The Oscars have been gone for a week, the host has been
trashed in the traditional post-ceremony grousing, and this seems like a good time to reconsider the whole art of Oscar hosting.
Seth MacFarlane was the last, best hope to find somebody “edgy” who
also had song-and-dance cred
and the requisite love of Old Hollywood. If he couldn’t hack it (and he’s already said he
won’t be back), then nobody can.
The problem isn’t the Oscars and the problem isn’t the talent. The problem is that the last 30 years of movie entertainment have been about the Rise of Irony. Three decades of Hollywood stars have grown up with that layer of detachment that we all see now in movies, books and blogs.
If you want to pick a year the irony scale was tipped for good, try 1994. The year before that, in 1993, the best picture nominees were:
The Piano
The Fugitive
Remains of the Day
In the Name of the Father
Schindler’s List (winner)
In 1994, the best picture nominees were:
Pulp Fiction
Four Weddings and a Funeral
Quiz Show
The Shawshank Redemption
Forrest Gump (winner)
It is instructive to note that you can now find Bubba Gump Shrimp Company restaurants from
Miami to Kuala Lumpur, yet there are no Oskar Schindler restaurant franchises anywhere.
So today’s movies simply use different kinds of stars. Yet the Academy is still yearning for
Bob Hope or
Johnny Carson to walk through that door — the person who combines glamour, humor and beloved silverback gravitas in one package.
It ain’t going to happen, because those people aren’t needed in today’s Hollywood.

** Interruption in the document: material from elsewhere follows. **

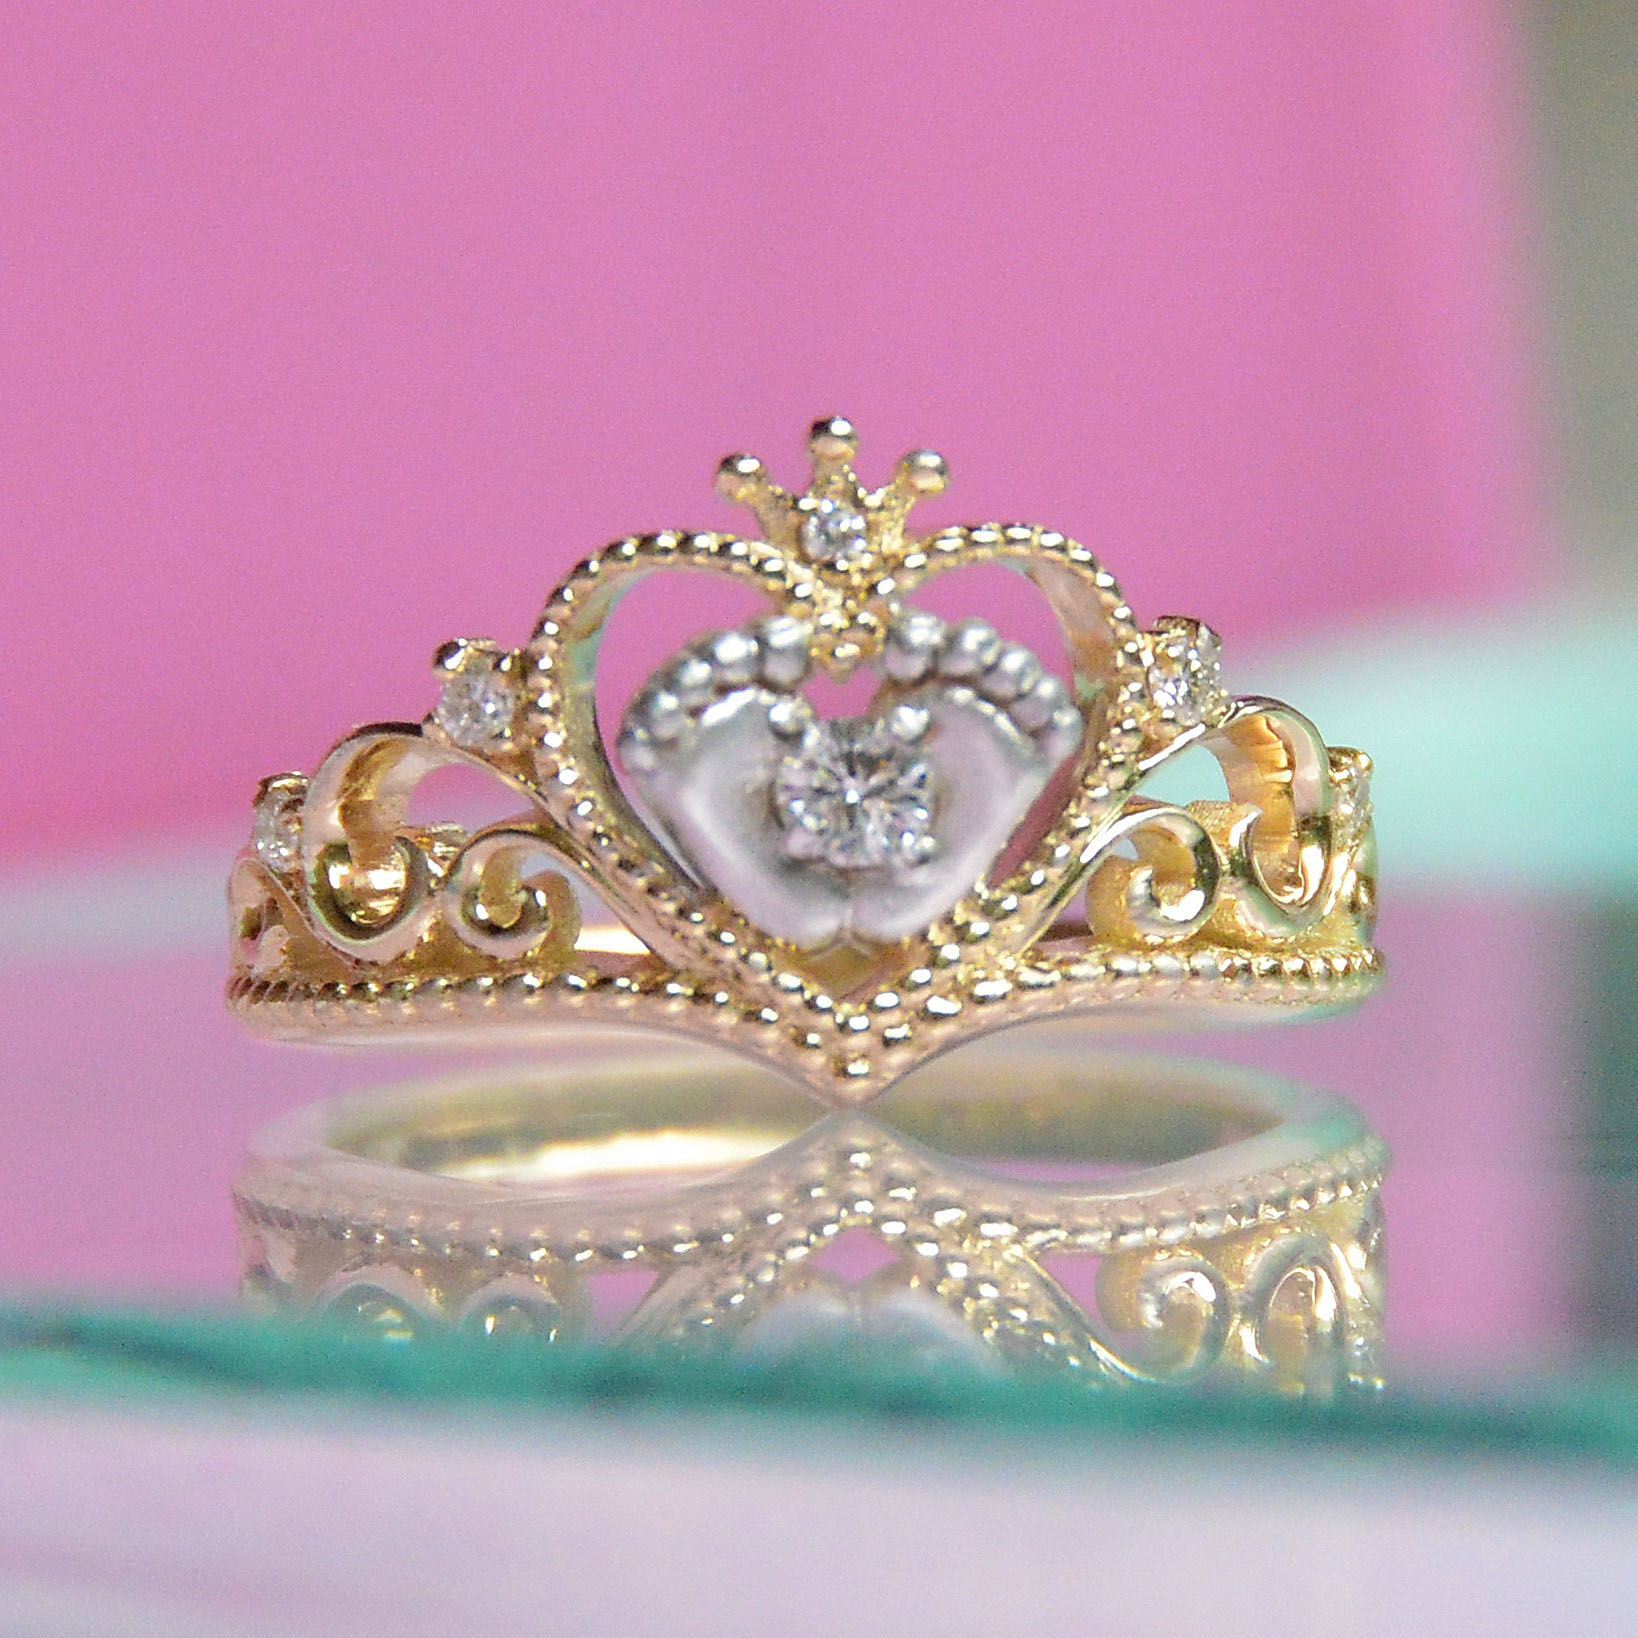 Двухцветное кольцо на рождение сына или дочки с ножками, сердцем и короной (Вес: 4,4 гр.)

They’re all in New York now — which is maybe why the Tony Awards are such
good TV lately.
So what’s an Academy to do?
To start with, next year’s Oscar producers should get a modified copy of that
poster you used to see next to the cash register in print shops: “Speed, quality, price: pick two.” The Academy can have glamour, jokes or gravitas, but they can’t have all three. (As McFarlane showed, they may not even get two.)
It’s clear which two items the Academy should pick, for the good of the brand: glamour and gravitas. Because the whole Oscar ceremony means nothing if the Oscar isn’t a big deal. The global obsession with Oscar gowns proves that We The People want the glamour angle most of all.
What about the humor, you say? Just set it up as a separate issue to be dealt with by a separate team. Bring in those great Hollywood writers and let them do their thing with the ten thousand available comic actors in Hollywood. Give them time for their sketches, fake clips, or whatever. We all love that stuff. Nobody wants a boring show.
But let the host bring the glamour.
As it happens, the Academy has the perfect candidate in front of them. I’m talking about three-time Oscar winner (and 17-time nominee)
Meryl Streep.
Apega / WENN.com
Just ask Daniel Day-Lewis: When Meryl Streep gives you an Oscar, you know you’re getting an Oscar. It’s a big deal. She has the glamour and the gravitas covered.
She’s still busy working, too, so it’s not like you’re dragging an old goat out of retirement. She has the wit to handle anything that comes up on Oscar night.
So run her out there in a gown and don’t make her do jokes. Let her welcome the crowd, set the tone, and when it’s time for humor then bring Chris Rock or Louis C.K. (or whoever you must have to reach men 18-34) on to warm up the crowd. If the funny people are funny, then great. If they flop, all the better: your host, and the shine of the Oscars, stay untouched.
And isn’t that Hollywood anyway? You don’t need a single messiah to handle it all. Movies are about great writers and producers and directors, all doing their thing behind the scenes while the actors get all the credit. Why should the Oscars be any different?
The only problem is that Meryl Streep is scheduled to be nominated again next year, just like clockwork. But what’s the point of movie magic if they can’t work around that?